START SOURCE DATA
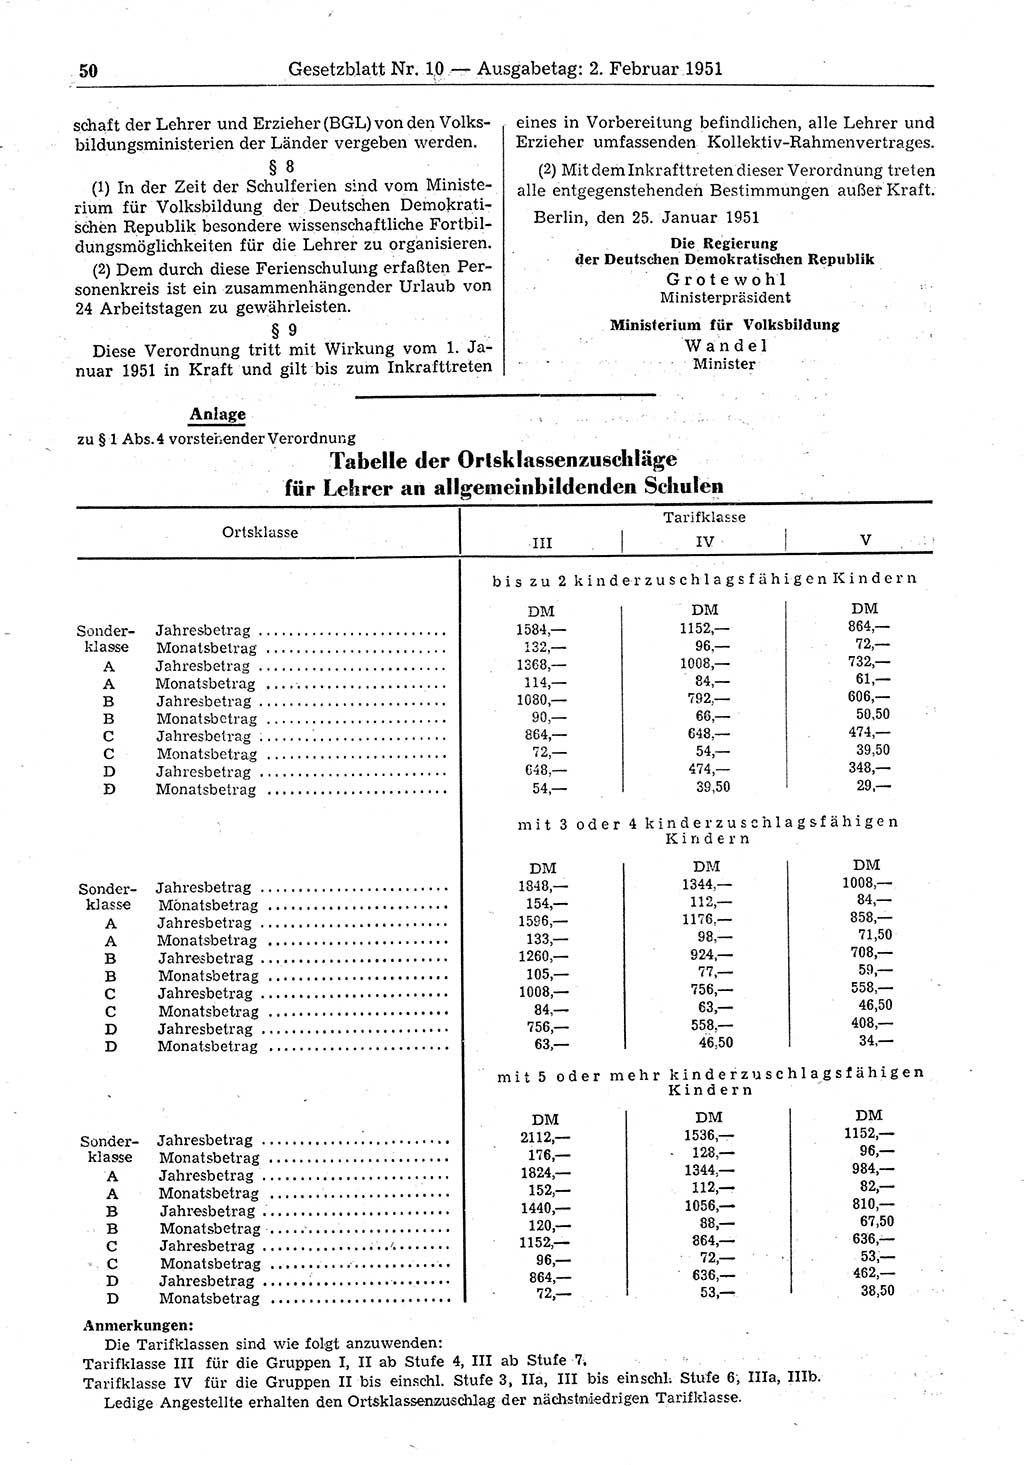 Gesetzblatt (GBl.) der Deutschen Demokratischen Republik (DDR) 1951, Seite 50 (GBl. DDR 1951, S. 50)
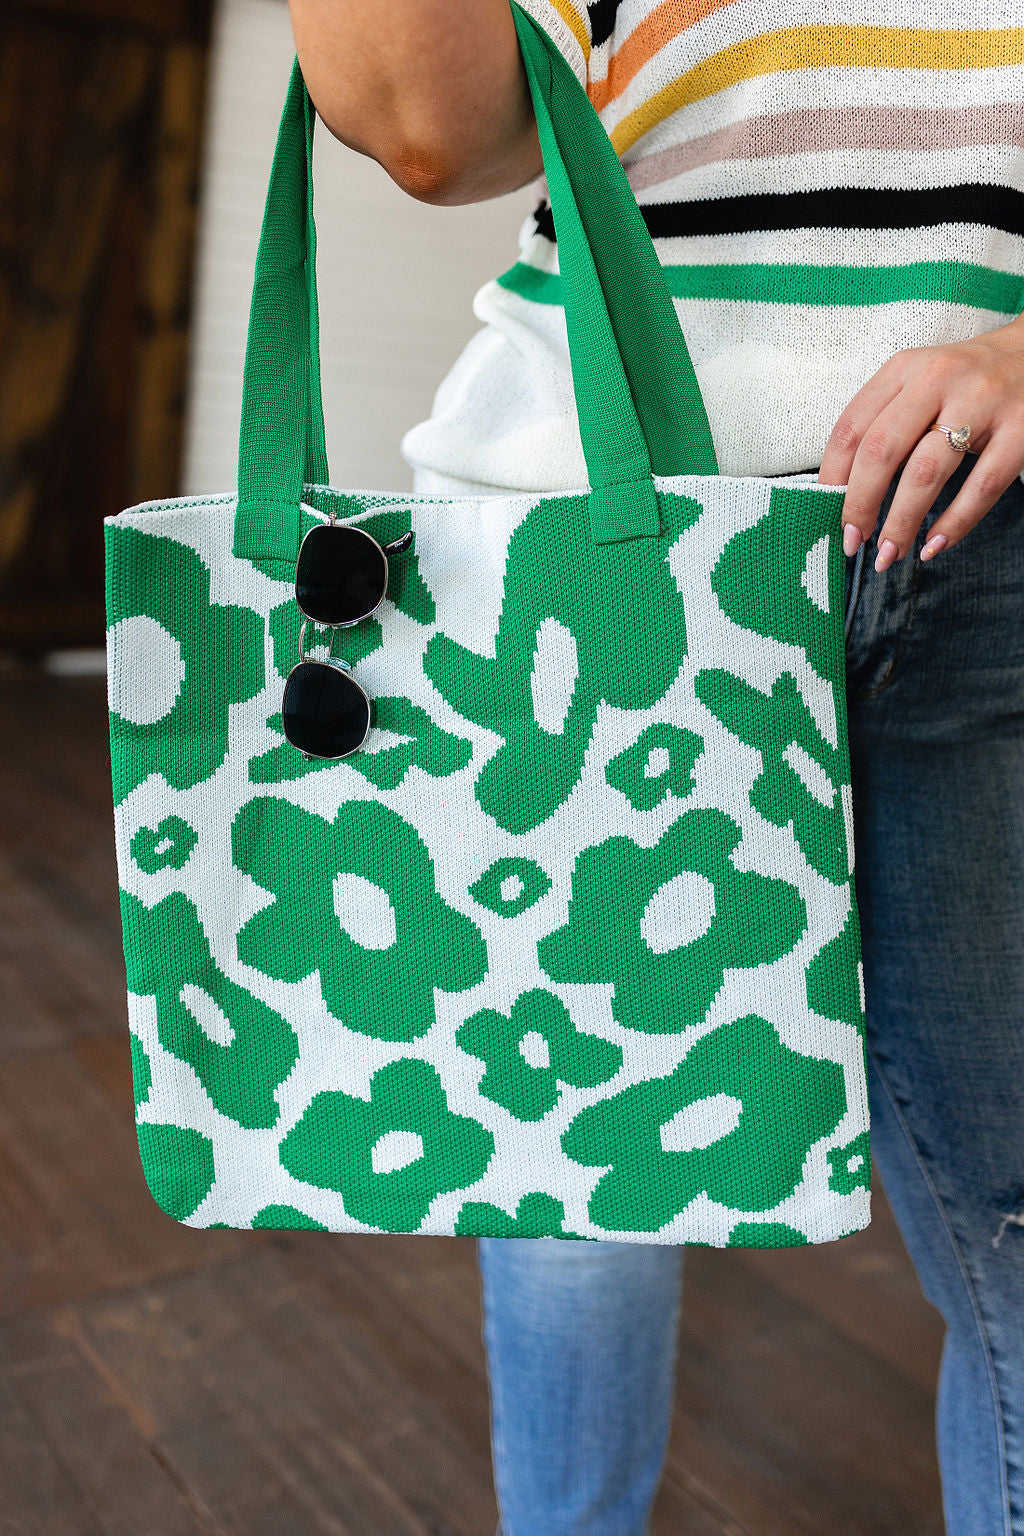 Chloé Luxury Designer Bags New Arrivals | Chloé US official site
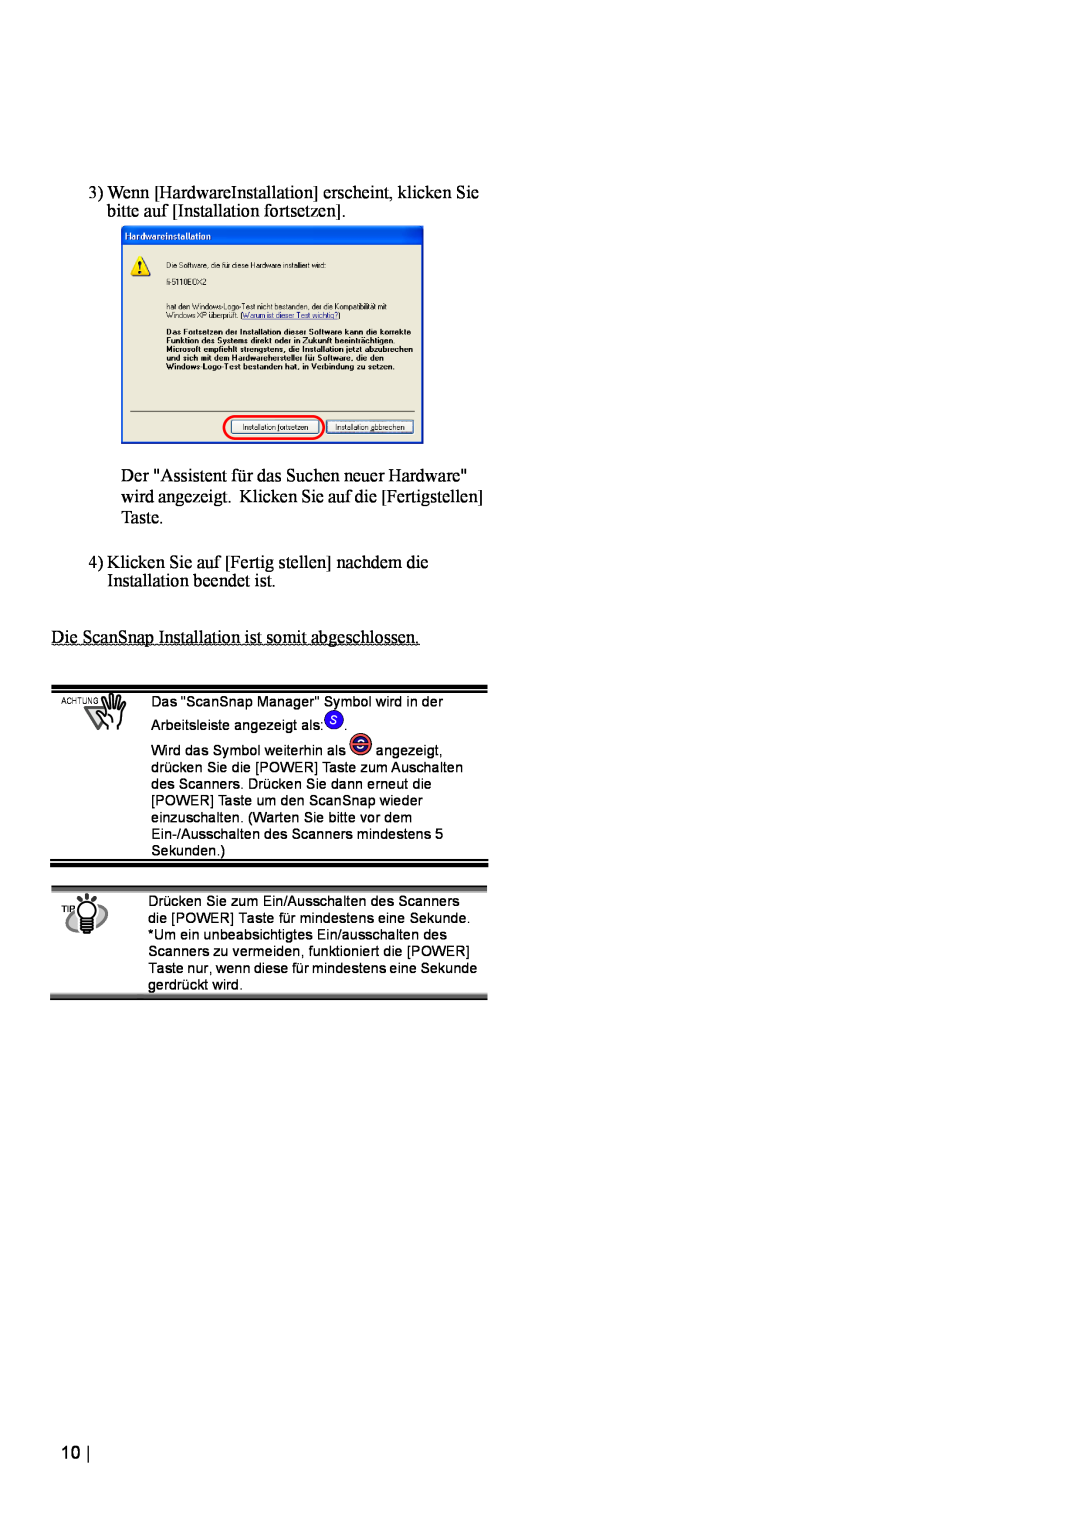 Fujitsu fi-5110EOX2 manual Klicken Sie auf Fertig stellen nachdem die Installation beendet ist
END SOURCE DATA
START SOURCE DATA
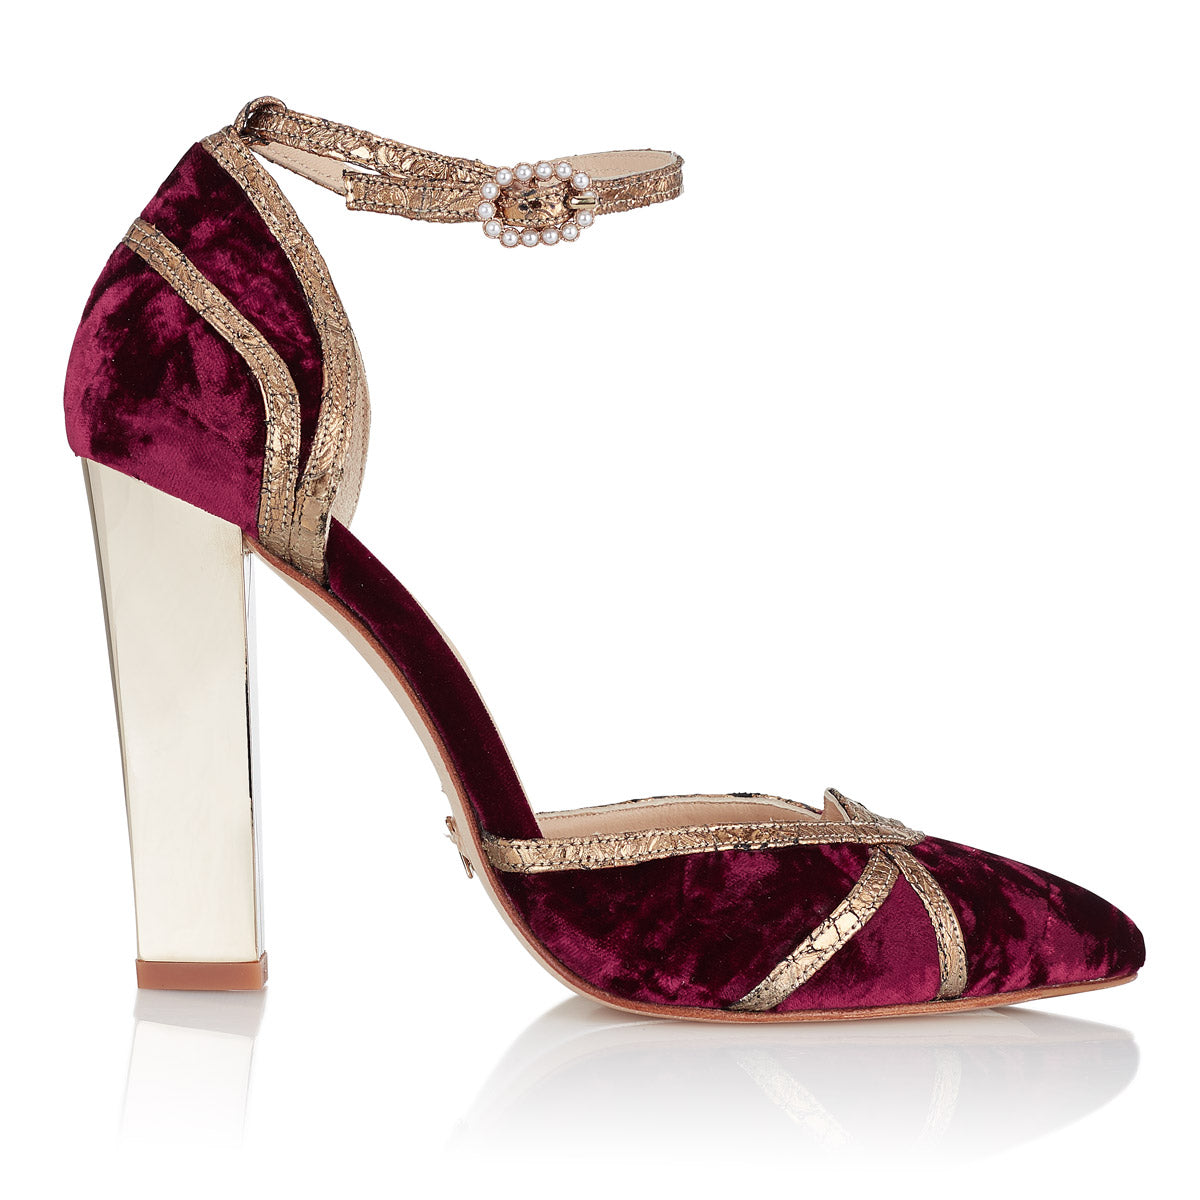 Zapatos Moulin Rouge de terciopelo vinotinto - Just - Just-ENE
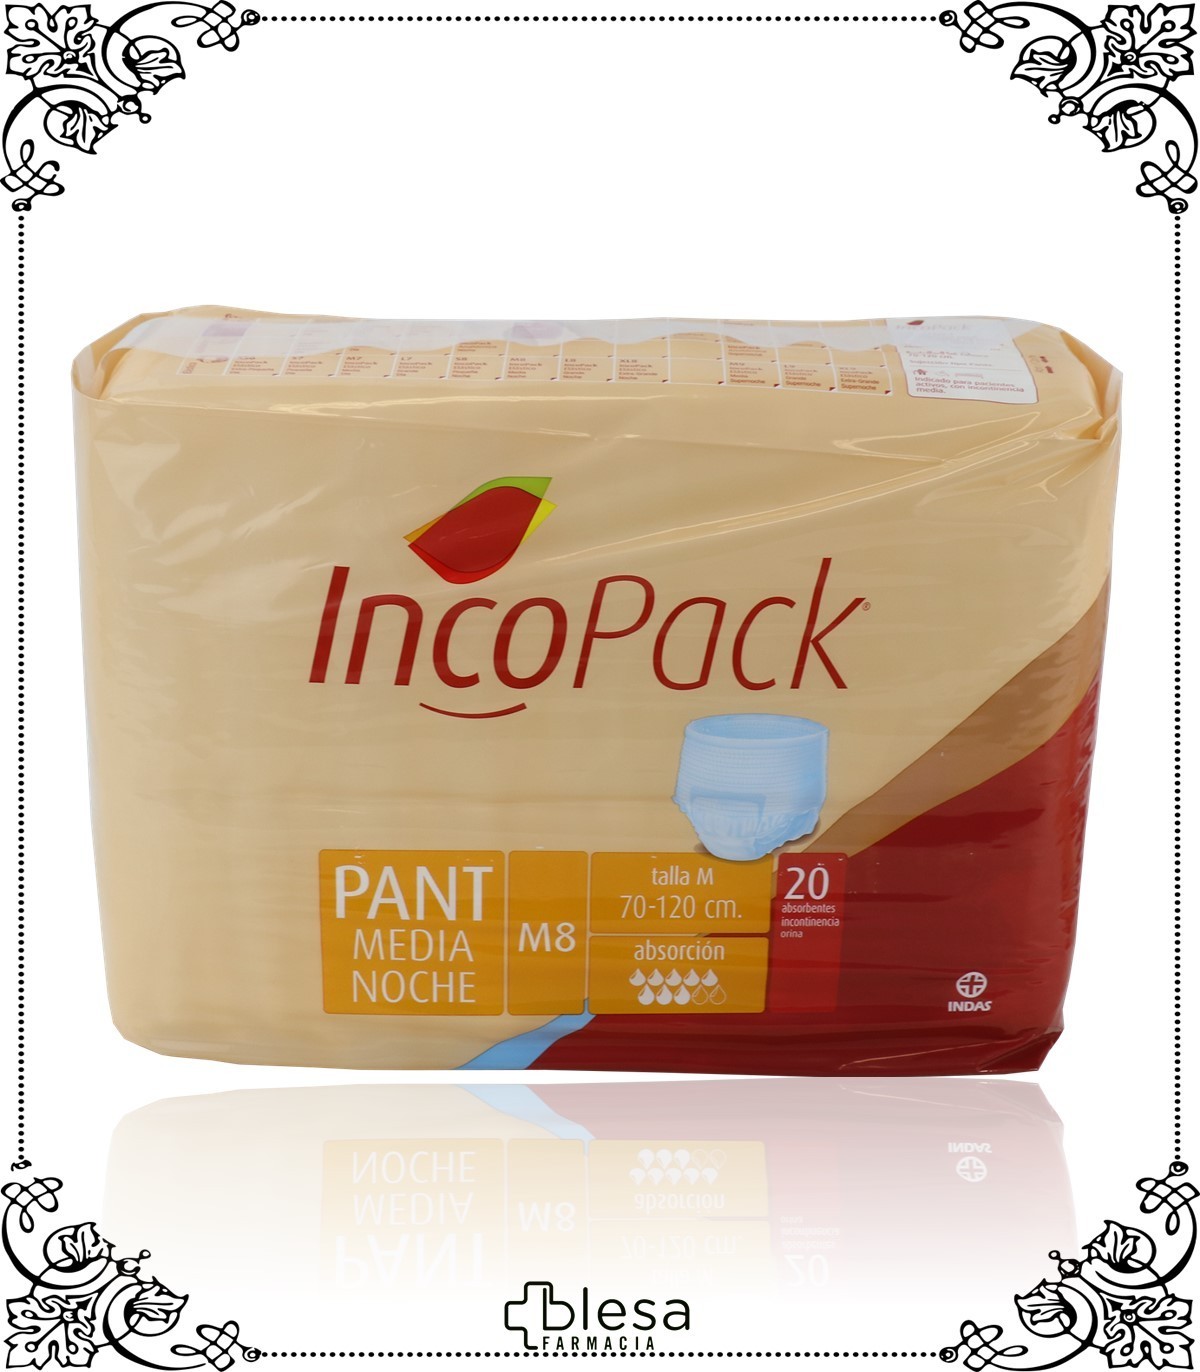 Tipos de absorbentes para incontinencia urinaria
END SOURCE DATA
WHAT YOU HAVE TO DO: Above, find the line holding "Chloé Luxury Designer" and the line holding "Fujitsu fi-5110EOX2 manual". Print exactly those two lines and every line between them, but no pictures.

SOLUTION TO THIS EXERCISE:
 Chloé Luxury Designer Bags New Arrivals | Chloé US official site
 Fujitsu fi-5110EOX2 manual Klicken Sie auf Fertig stellen nachdem die Installation beendet ist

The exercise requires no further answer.